Alors que plusieurs personnes ont en tête, à ce moment-ci, des airs d’été légers, il y en a d’autres qui se demandent comment éviter les prochains maux de tête de la rentrée… En effet, les grands mots qui nous viennent à l’esprit pour décrire les grands événements de la conjoncture de l’automne prochain sont les suivants : « Inflation galopante », « Menace d’une récession », « Élections générales au Québec », « Promesses électorales mirobolantes », « Négociations dans les secteurs public et parapublic », « Demandes syndicales » et l’incontournable cette fois-ci revendication de « L’indexation des salaires ».

Ce mélange, on le devine aisément, est porteur de nombreux maux de tête autant du côté des porte-parole du gouvernement que du côté des dirigeants syndicaux du Front commun CSN-CSQ-FTQ et des cinq autres organisations syndicales (APTS, FAE, FIQ, SFPQ et SPGQ) présentes dans les secteurs public et parapublic.

Des services et des conditions de travail et de rémunération mis à l’épreuve

Nous sommes toujours en pleine pandémie, les mesures restrictives sont de plus en plus abandonnées nous donnant l’impression d’un retour à la normale, pourtant, les risques d’une sixième vague de la COVID-19, dès l’automne prochain, préoccupent déjà plusieurs spécialistes du monde de la santé publique.

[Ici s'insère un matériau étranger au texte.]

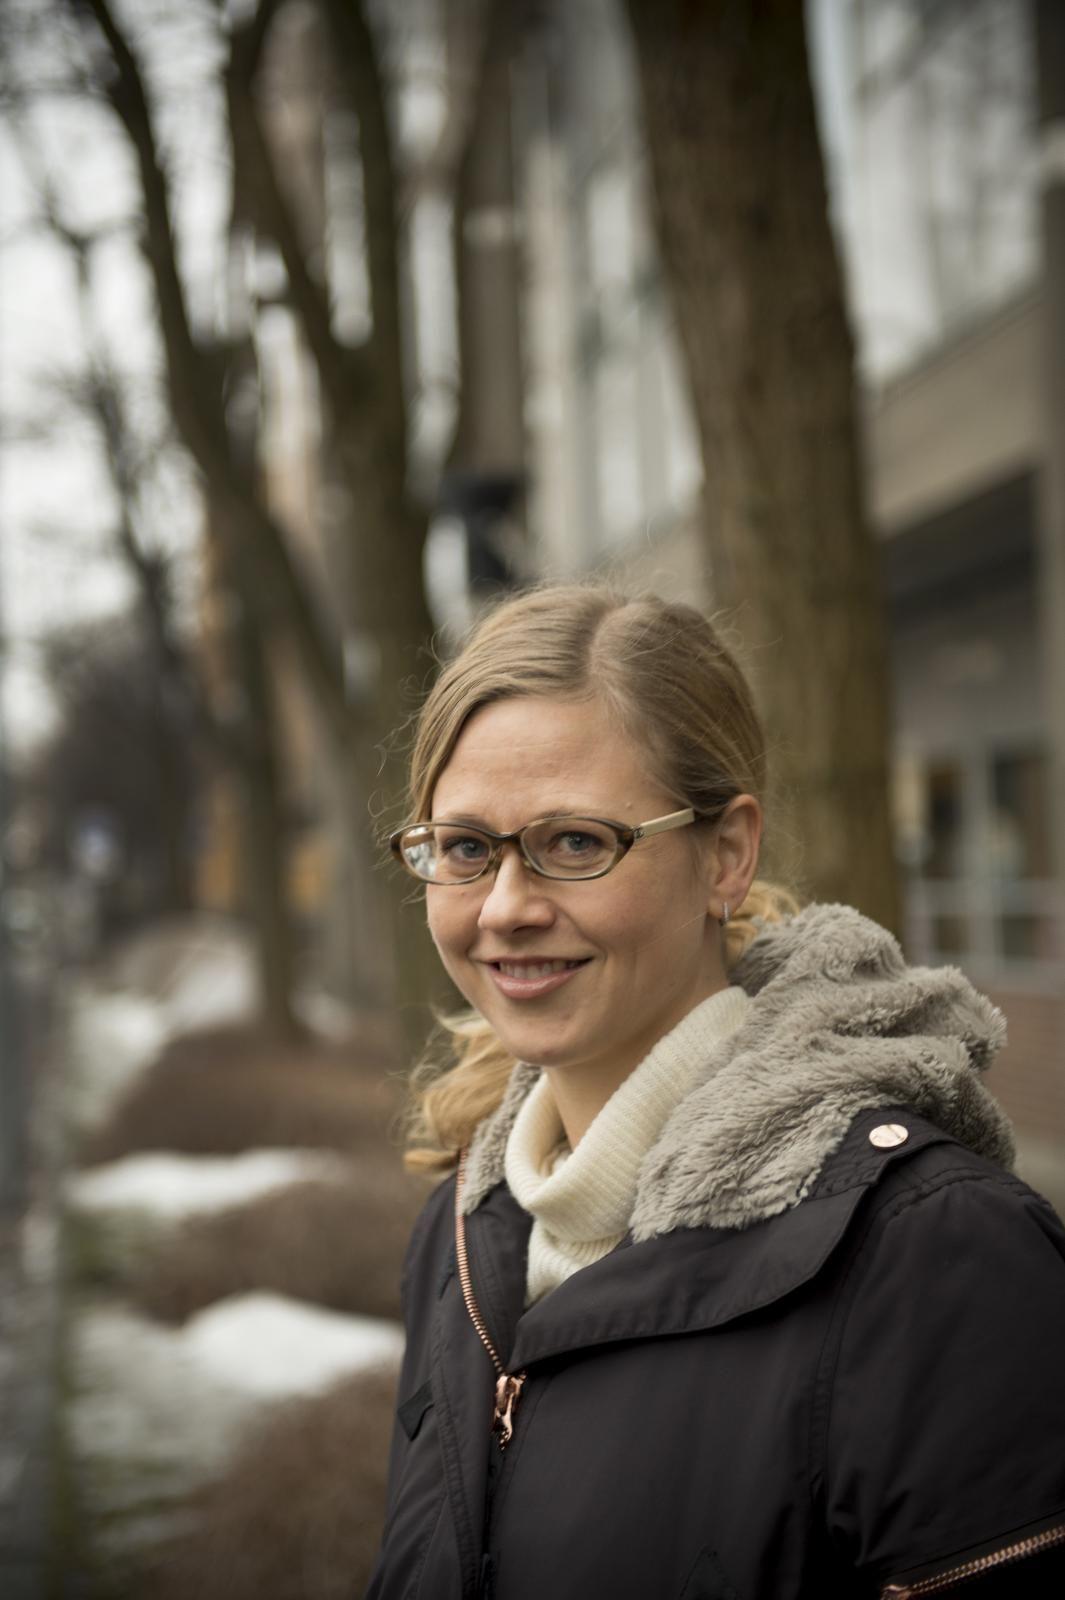 BØR VAKSINERE: Overlege Margrethe Greve-Isdahl ved Folkehelseinstituttet anbefaler alle å vaksinere seg. - Meslinger er ekstremt smittsomt, og 30 prosent av dem som får det ender opp med komplikasjoner, sier hun.

Au cours des deux dernières années, la population a été éprouvée par mille et un problèmes de différentes natures. Les services publics ont été sollicités comme rarement dans notre histoire du dernier siècle. Les conditions de travail et de rémunération des salarié.e.s syndiqué.e.s oeuvrant dans les secteurs public et parapublic[1] se sont, comme c’est le cas depuis quarante ans maintenant, détériorées « à la vitesse grand V ».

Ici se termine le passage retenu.